Gli investitori riflettono sui dati Usa, dove sono stati creati 151mila nuovi posti di lavoro a gennaio (meno delle previsioni), ma il tasso di disoccupazione è sceso dal 5 al 4,9% ai minimi dal febbraio 2008. Milano chiude al -2%.
Le incertezze rilevate dai dati sul mercato del lavoro americano fanno cadere le Borse europee, che chiudono la sessione e la settimana in rosso. Milano accusa un passivo del 2,13%, Londra, in rialzo per buona parte della mattina, perde lo 0,86%, Francoforte lima l’1,14% e Parigi lo 0,67%.

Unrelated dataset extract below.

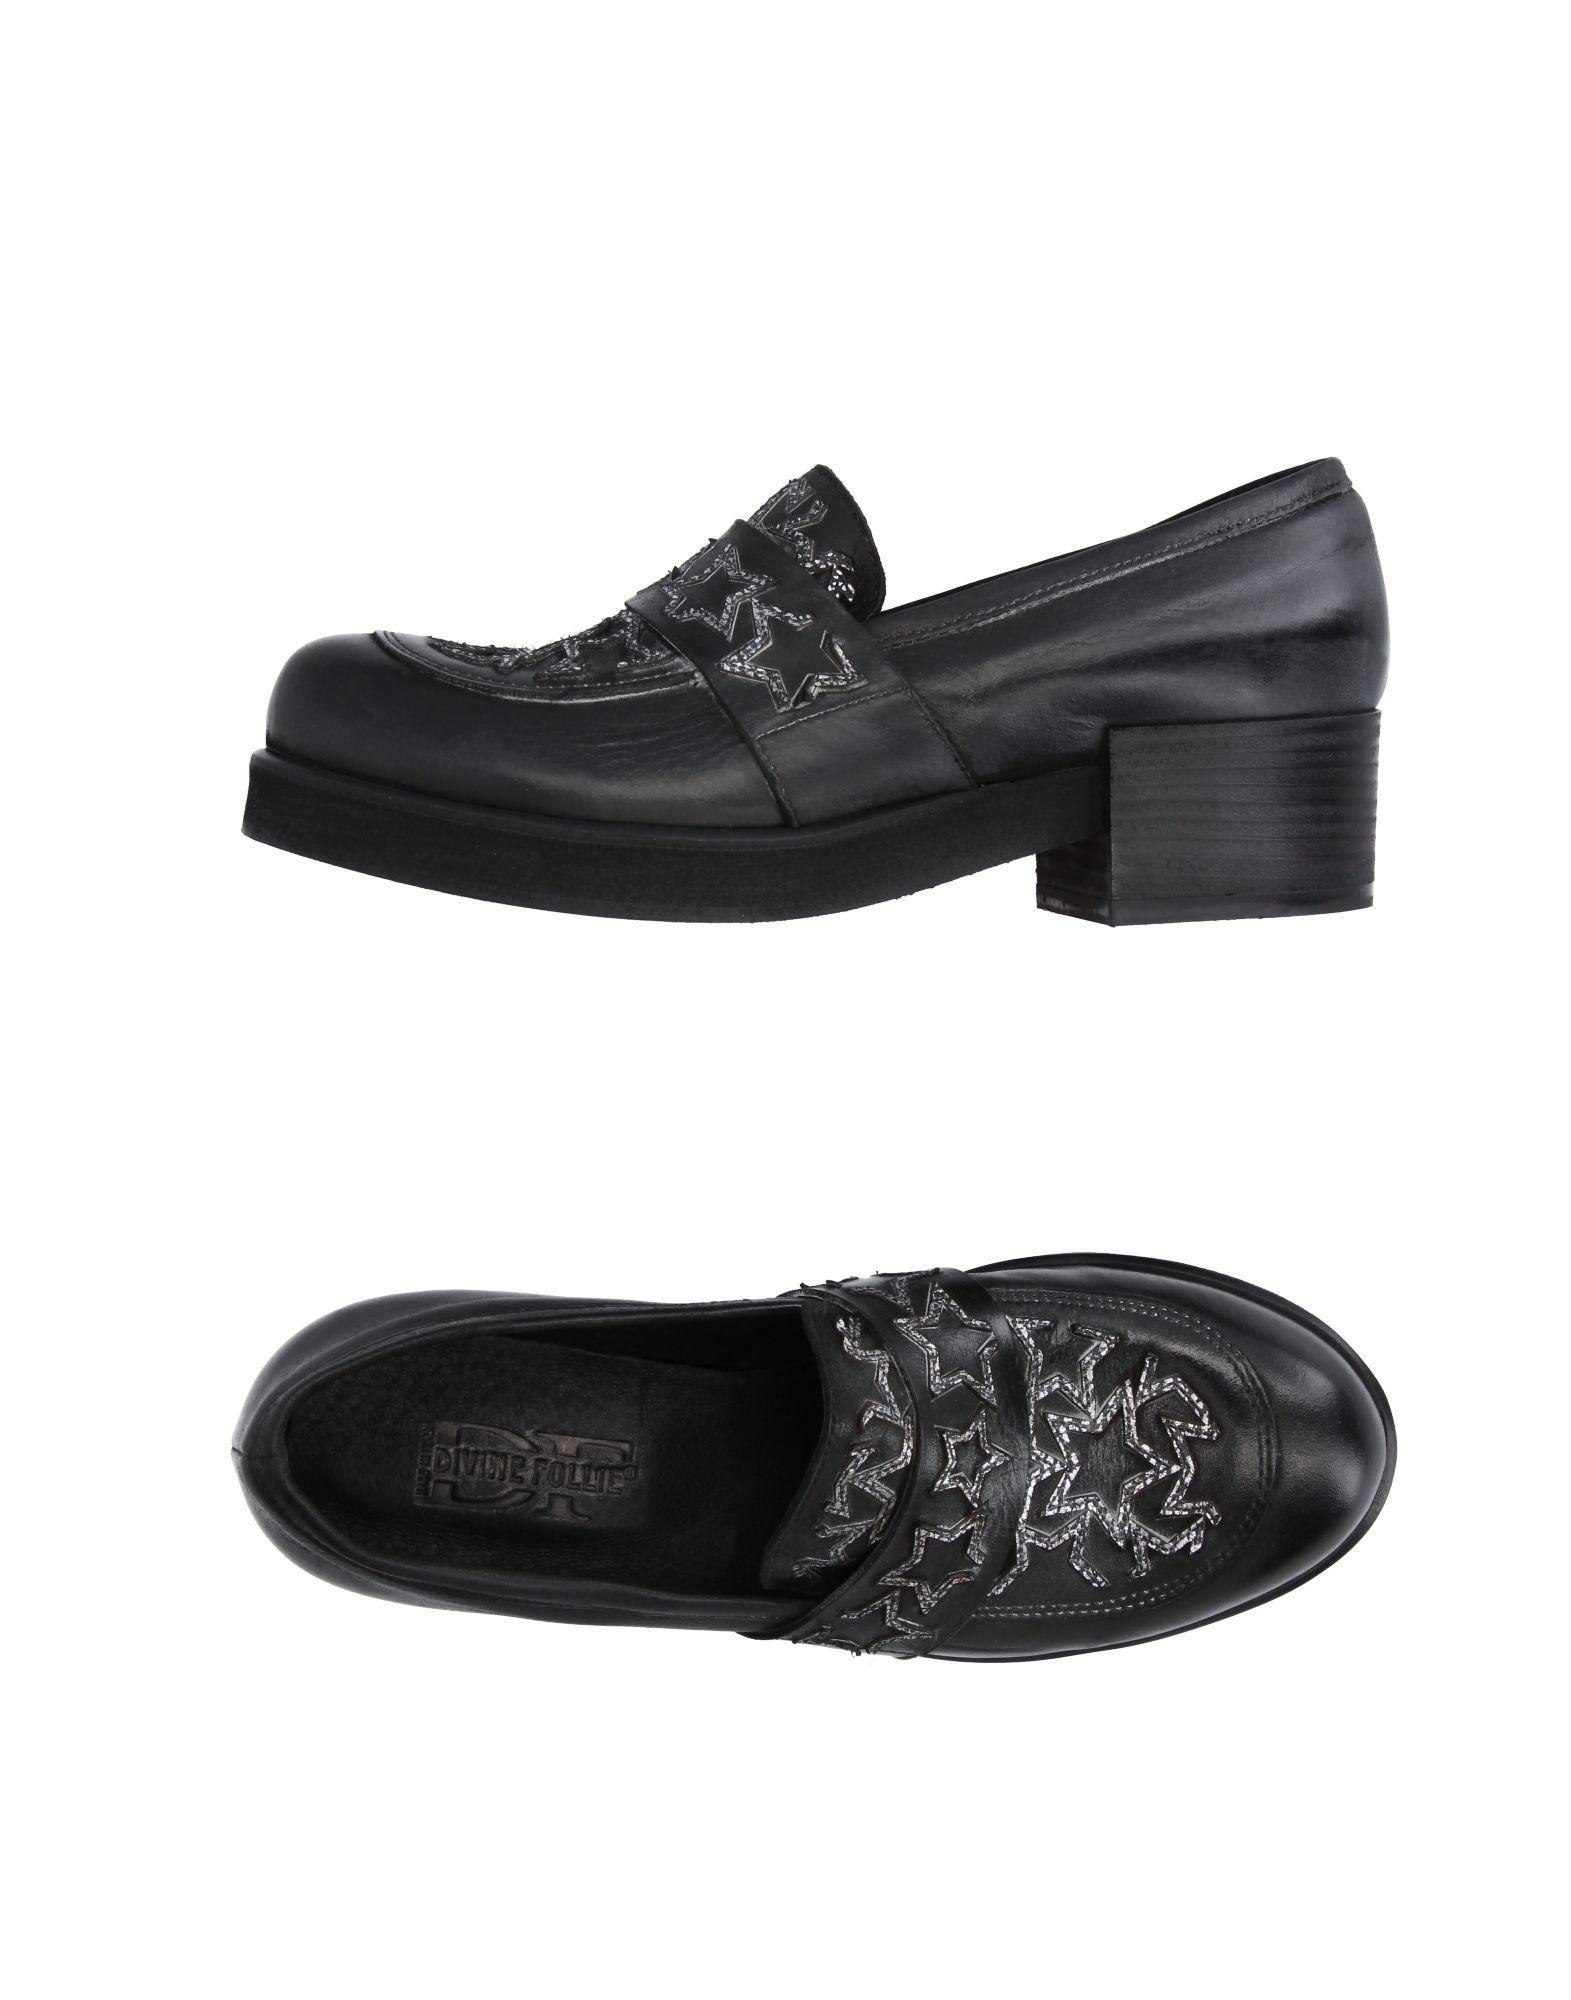 100% Original Cheap Online Huge Range Of FOOTWEAR - Loafers Divine Follie Cheap Sale Latest Collections MHQSoAmZ30

Gli investitori riflettono sui dati Usa, dove sono stati creati 151mila nuovi posti di lavoro a gennaio (meno delle previsioni), ma il tasso di disoccupazione è sceso dal 5 al 4,9% ai minimi dal febbraio 2008.
La Fed si trova sempre più in una situazione problematica, perché oltre a interpretare questi dati deve fare i conti con il rallentamento globale e con le tensioni dei mercati che rendono improbabile un secondo aumento dei tassi Usa – dopo quello di dicembre – nell’immediato. Non a caso il governatore della Fed di Dallas, Robert Kaplan, ha detto che la Fed dovrebbe essere paziente nell’alzare il costo del denaro. Se prima dei dati sul lavoro gli analisti erano convinti che il costo del denaro non sarebbe stato toccato per tutto il 2016, l’aumento dei salari ha riportato in agenda la possibilità di una stretta monetaria. Ne ha pagato le conseguenze anche Wall Street, con il Nasdaq in picchiata del 2,7% e il Dow Jones in ribasso dell’1,2%.

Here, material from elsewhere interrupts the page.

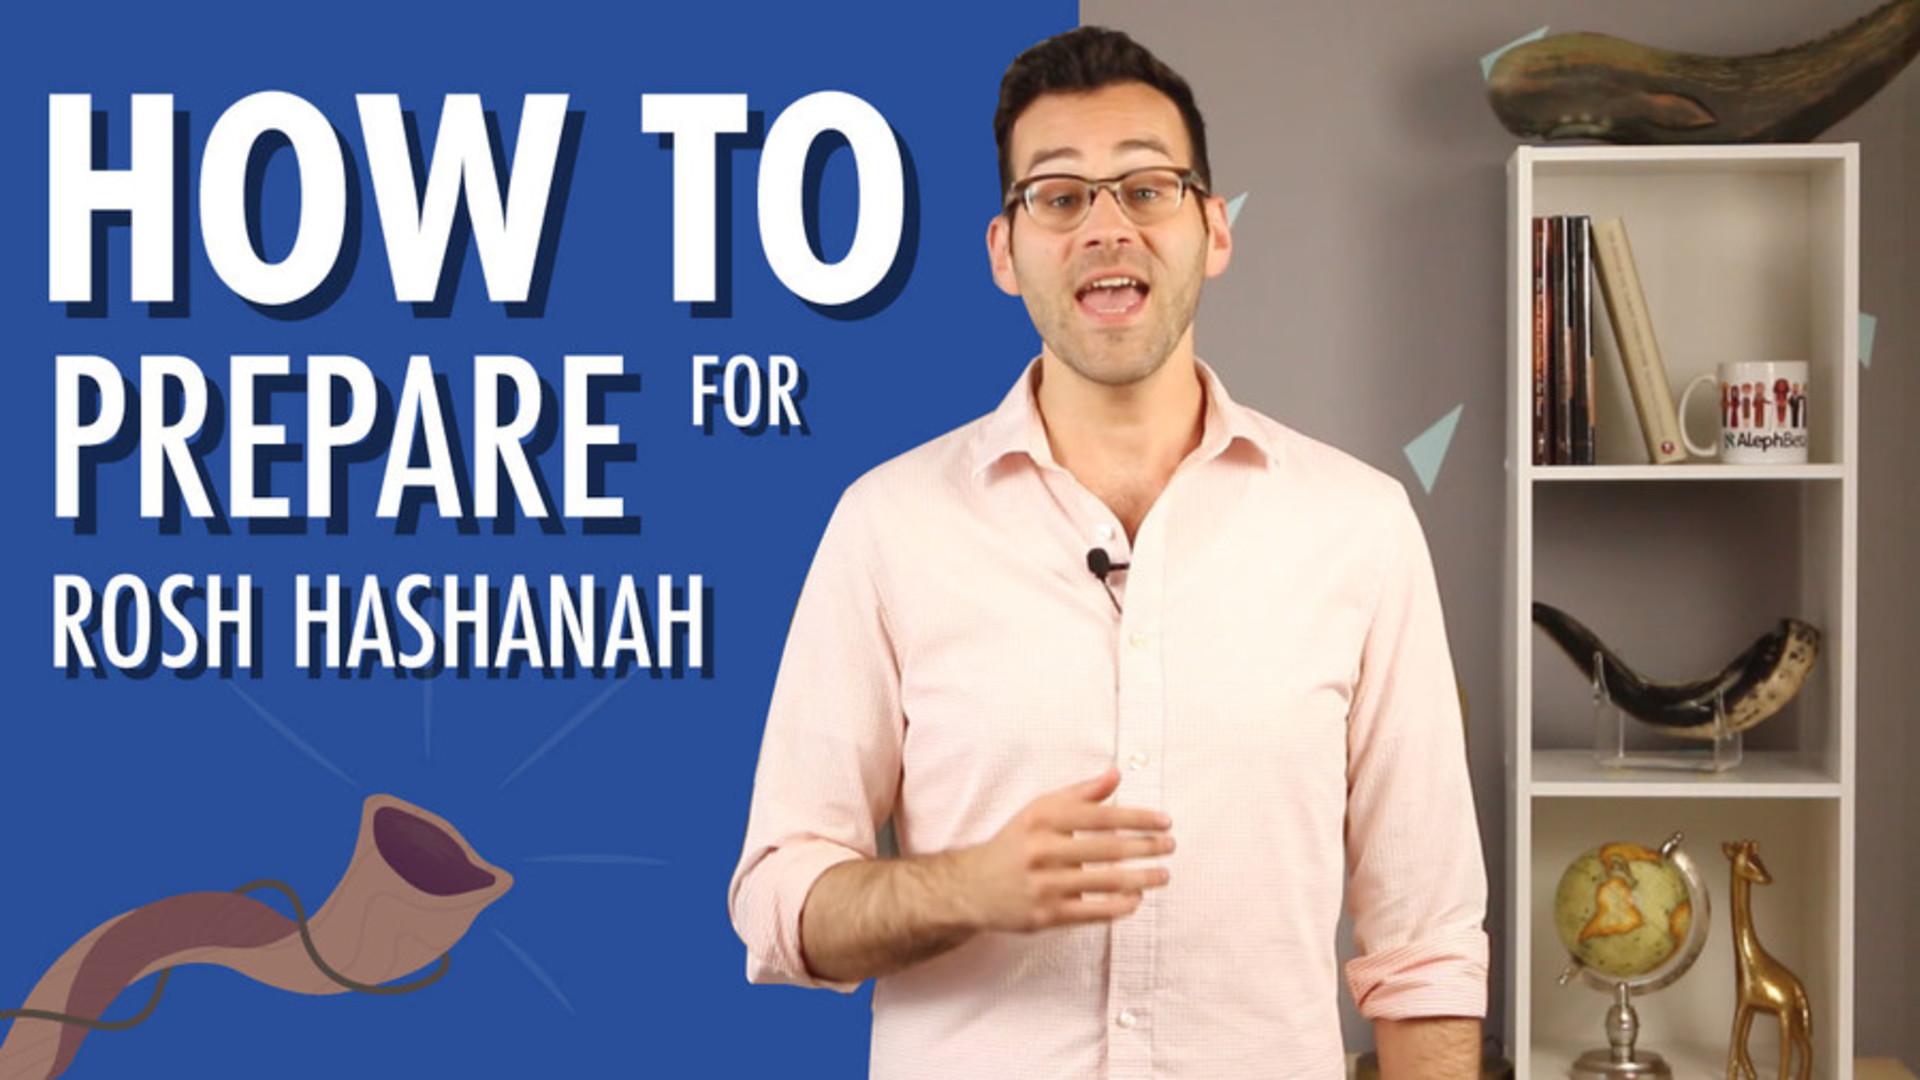 rosh hashanah spiritual preparation guide

Sui listini tratta in rialzo Bnp Paribas sulla scia dei risultati del 2015. L’euro chiude in leggero calo, ma sopra 1,1 dollari; lo spread segna 126 punti base con un rendimento del decennale italiano all’1,56%. L’attenzione degli analisti è rivolta alle prossime mosse delle banche centrali: un intervento a marzo della Bce dopo l’intervento di Mario Draghi al Parlamento europeo. Gli addetti ai lavori si aspettano un taglio dei tassi sui depositi al -0,4%, cui potrebbe far seguito un aumento degli acquisti con il Quantitative easing, mentre Barclays non esclude che il tasso scenda al -0,5% entro fine anno. Sulla stessa lunghezza d’onda potrebbe muoversi la Bank of Japan che la scorsa settimana ha portato in negativo il costo del denaro.